I’ve been nudging for BARCC to get a blog for a while! If I posted everything I have to say about rape and sexual assault in my own blog, it would end up being almost *nothing* but that. No room for cat pictures or talking about my daughter’s school play! :) So I’m thrilled to have a place dedicated to just this.
(I will post cat pictures only upon request, I promise.)
My friend, who’s a hotline volunteer here, referred me to BARCC. I had expressed interest in working with teenagers. In exactly what capacity I wasn’t sure, other than knowing I wanted to provide kids with some of the tools and respect I wish I’d been given when I was their age.

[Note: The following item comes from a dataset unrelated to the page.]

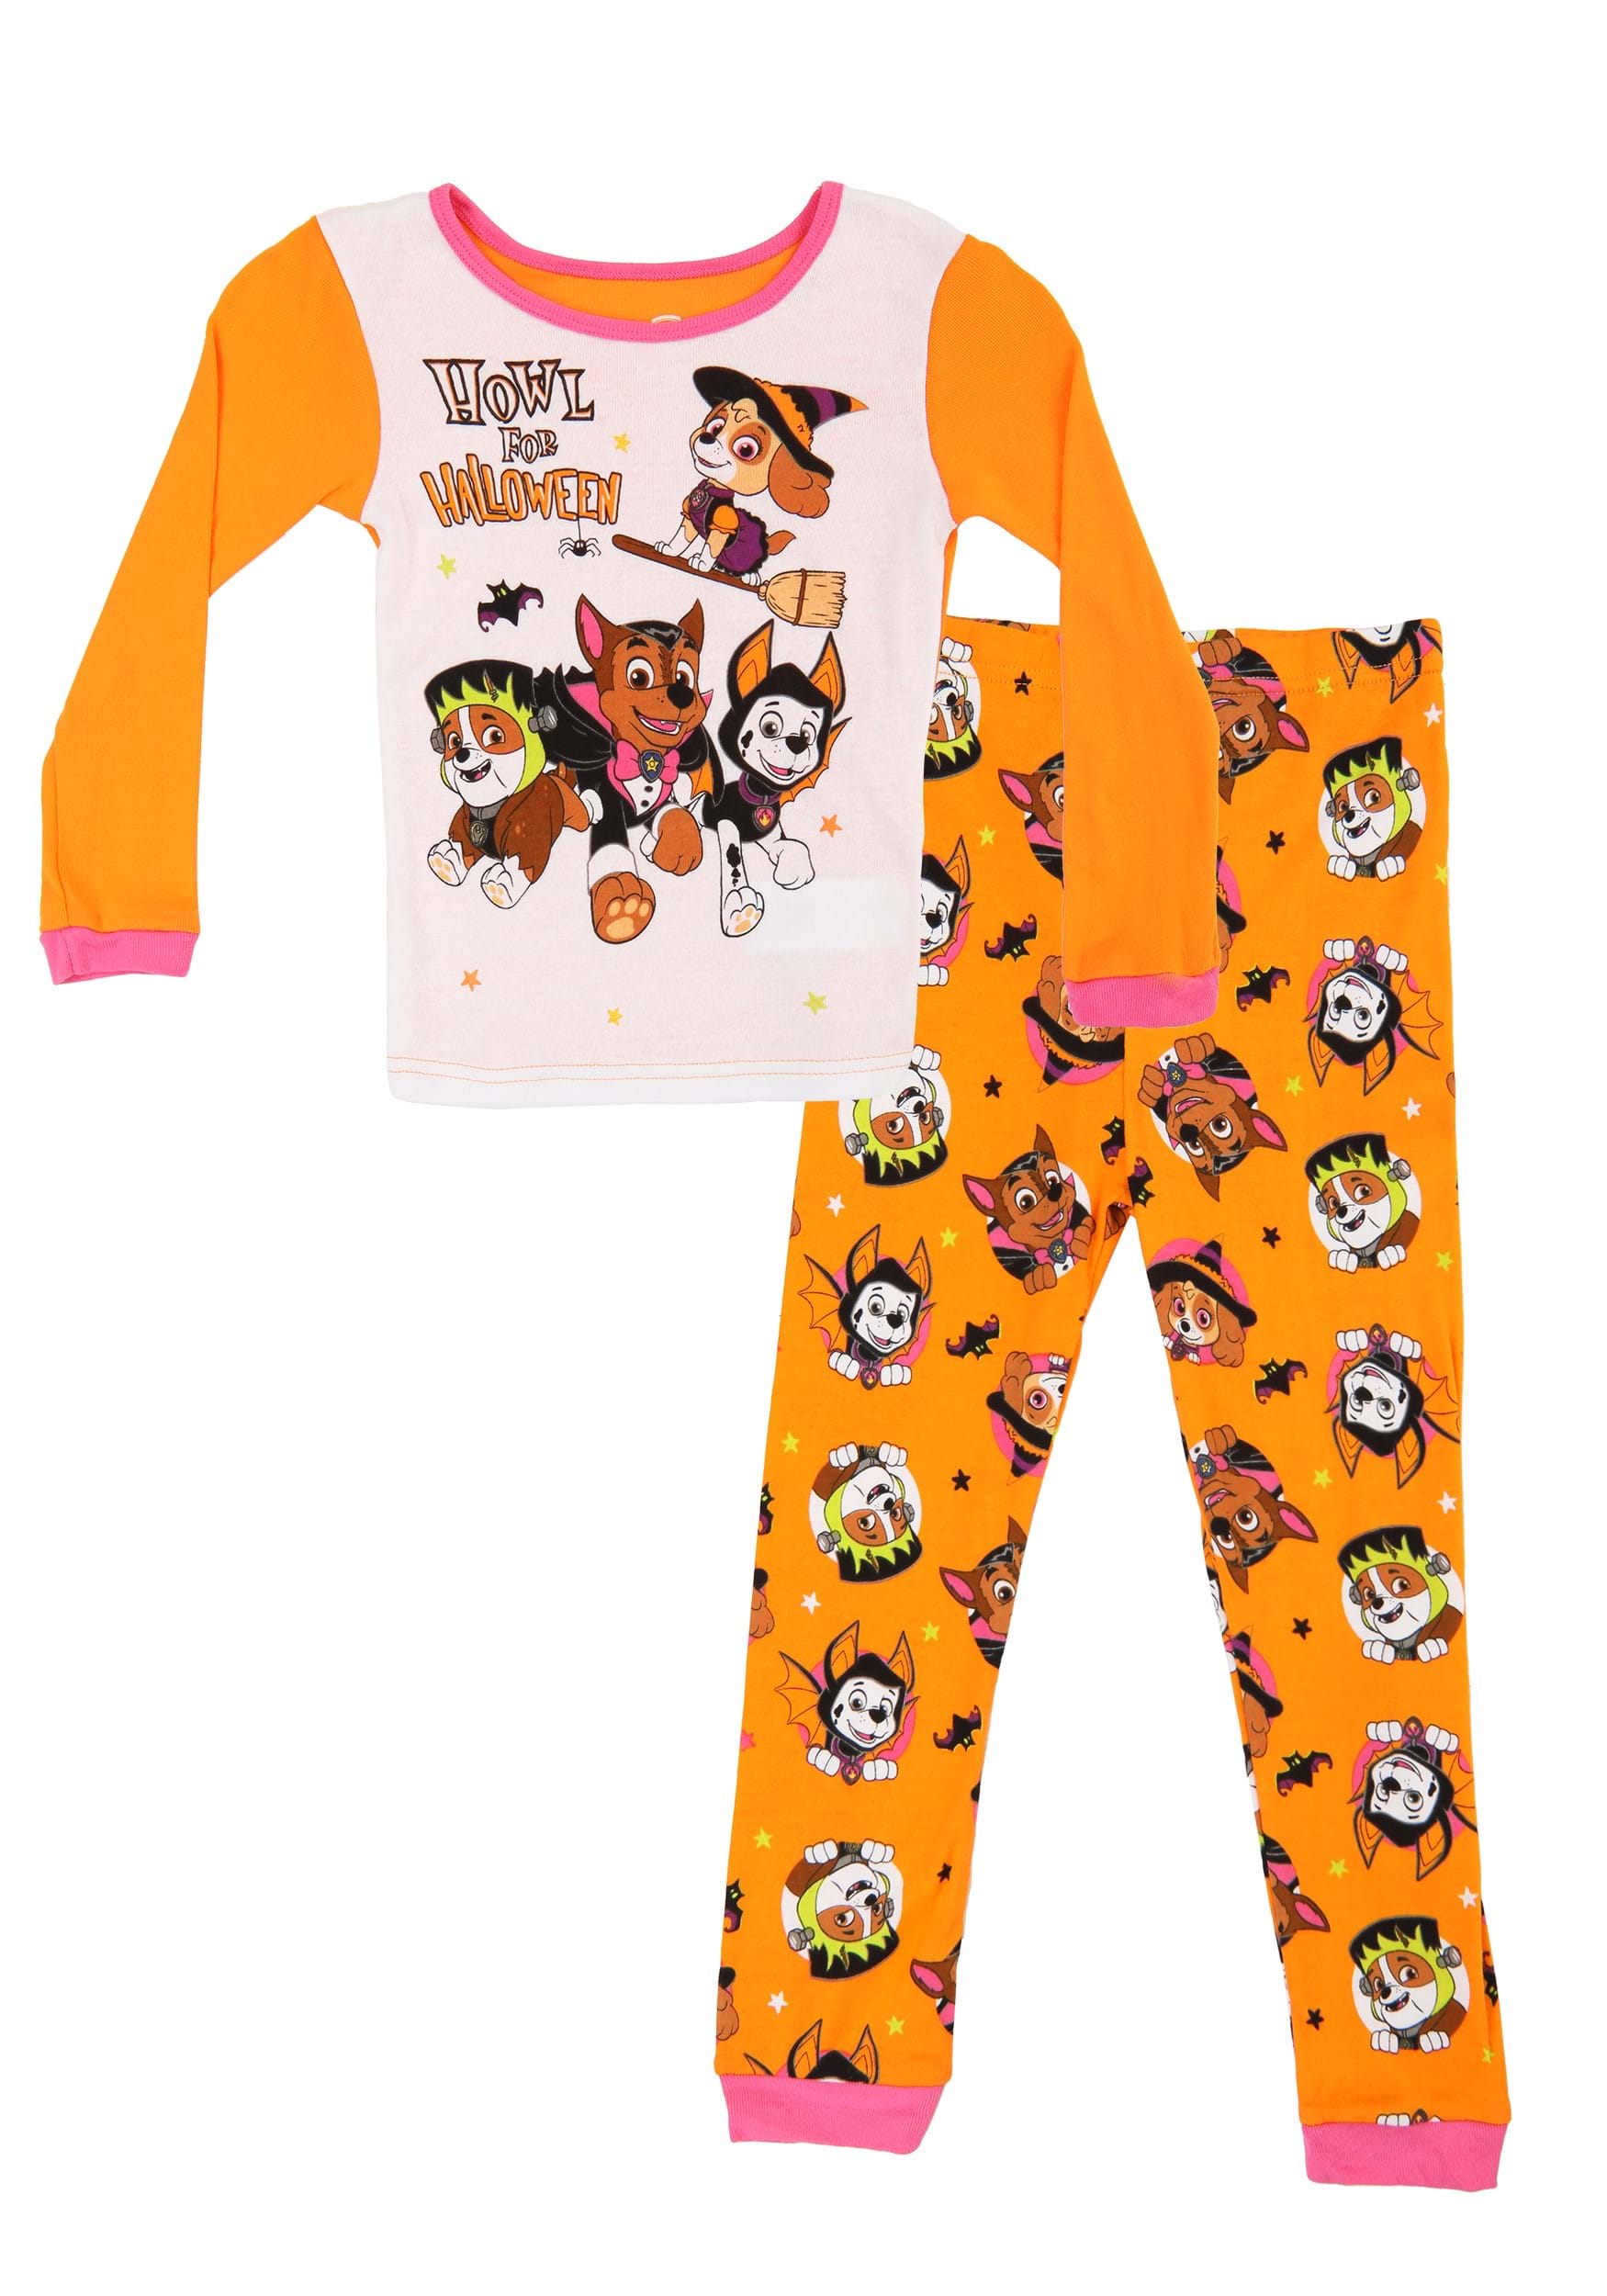 Toddler Girls Paw Patrol Howl for Halloween Pajamas | Pajama Sets and Loungewear

My background is pretty common around these parts: I was born at the former St. Margaret’s in Dorchester, raised in the Irish Catholic tradition, and graduated from a Boston Public high school. To say that my family and immediate community didn’t talk about sex outside of abstinence would be a gross understatement. Health education—and more to the point, sexual health education—was not a priority. It wasn’t until I got to college that I developed any sort of vocabulary to define what I was seeing and experiencing.
Binge drinking was a big part of my college’s culture. I saw a lot of things that made me uncomfortable, but I couldn’t articulate what was wrong with what was happening. Really, it was in my therapist’s office where I was first able to assign words to the things I had seen.
I got involved with BARCC because rape sucks. It’s a fight that must be fought and can be won. Working in schools with teenagers has proven to me that prevention is effective. It’s amazing to see the change in students over the course of a semester. And it all comes down to talking, dissecting values and retraining our focus.
In my free time, I blog quite often. But mostly, my personal stuff is personal and only loosely connected to the larger culture. Blogging for BARCC is an opportunity to marry my advocacy work with my writing, something I’ve been wanting to do for a while. I’m grateful for this opportunity to represent my views through such a progressive, compassionate organization.